Where you have appointed a proxy using the hard-copy proxy form and would like to change the instructions
using another hard-copy proxy form, please contact Neville Registrars Limited, Neville House, Steelpark Road,
Halesowen, B62 8HD.
If you submit more than one valid proxy appointment, the appointment received last before the latest time for
the receipt of proxies will take precedence.
Termination of proxy appointments
11. In order to revoke a proxy instruction, you will need to inform the Company using one of the following methods:
a. By sending a signed hard copy notice clearly stating your intention to revoke your proxy appoint to Neville
Registrars Limited, Neville House, Steelpark Road, Halesowen, B62 8HD.
b.
In the case of a member which is a company, the revocation notice must be executed under its common seal
or signed on its behalf by an officer of the Company or an attorney for the company. Any power of attorney
or any other authority under which the revocation notice is signed (or a duly certified copy of such power of
authority) must be included with the revocation notice.
In either case, the revocation notice must be received by the Neville Registrars Limited, Neville House, Steelpark
Road, Halesowen, B62 8HD, not later than 48 hours before the time appointed for the Meeting.
Appointment of a proxy does not preclude you from attending the Meeting and voting in person. If you have
appointed a proxy and attend the Meeting in person, your proxy appointment will automatically be terminated.
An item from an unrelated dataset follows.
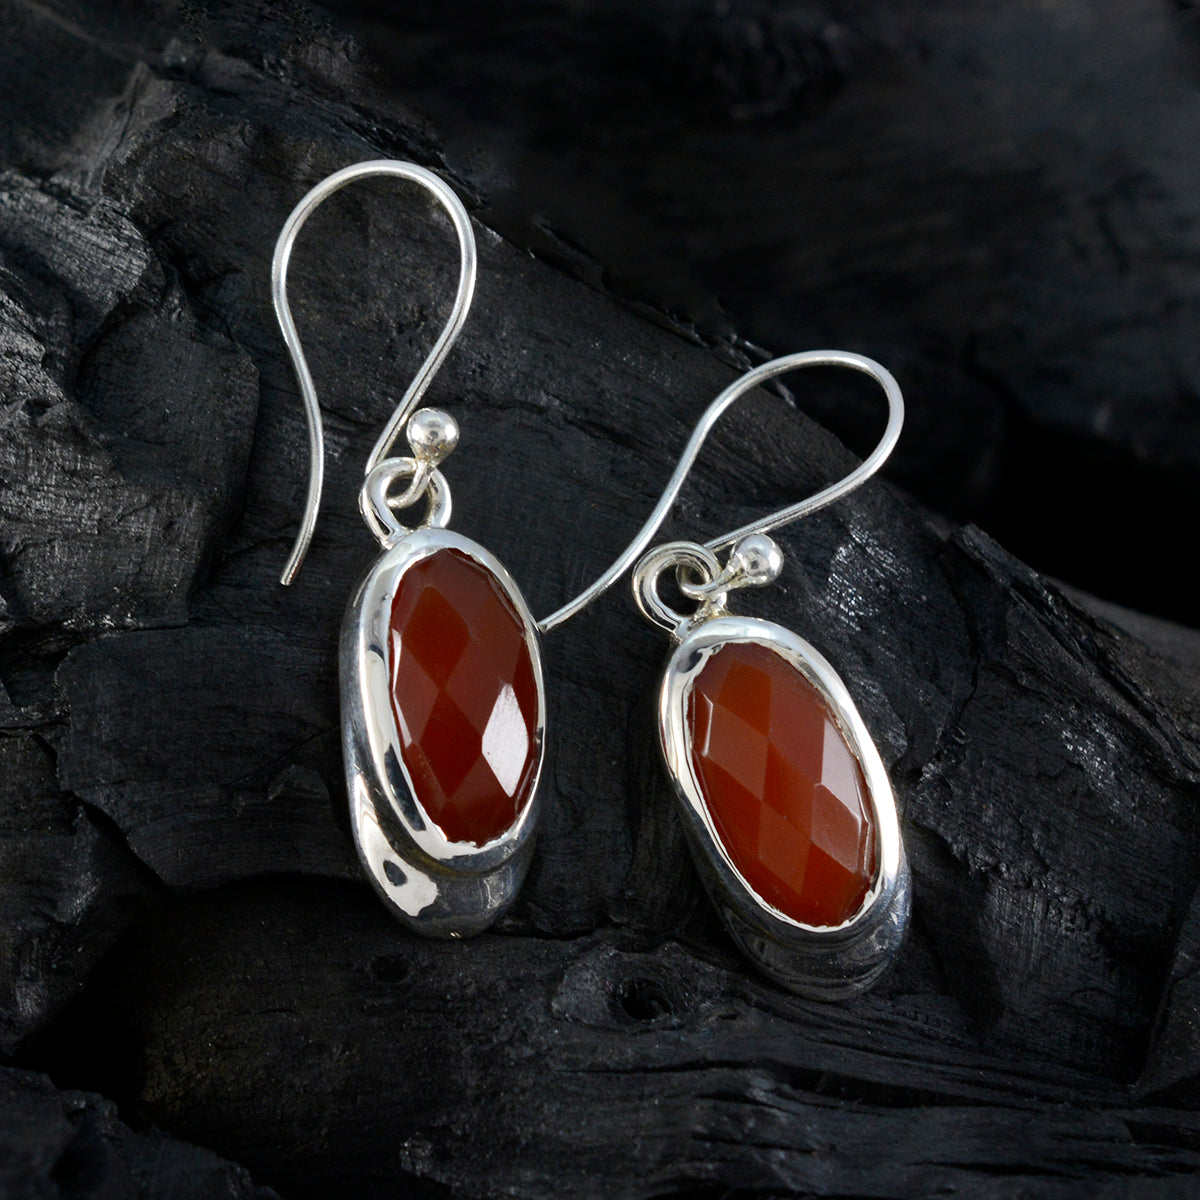 Riyo Drop-Dead Prachtige Sterling Zilveren Oorbel Voor Vrouwen Rode Onyx Oorbel Bezel Setting Rode Oorbel Dangle Earring

Issued shares and total voting rights
12. As at 30 June 2020 the Company’s issued share capital comprised of 8,548,878 ordinary shares of 5p each which
includes 7,374 shares held in treasury. Each ordinary share carries the right to one vote at a general meeting of
the Company and, therefore, the total number of voting rights in the Company as at 2 July 2019 8,541,504.
Documents on display
13. The following documents will be available for inspection at the place of the Annual General Meeting prior to the
meeting until the time of the Meeting and for at least 15 minutes prior to the meeting:
a. The register of Directors’ interests in the share capital and debentures of the Company; and
b. Copies of service agreements under which Directors of the Company are employed
c. The full rules of the LTIP
d. The full rules of the CSOP
e. Copies of the new Articles of Association of Solid State PLC Company No 00771335.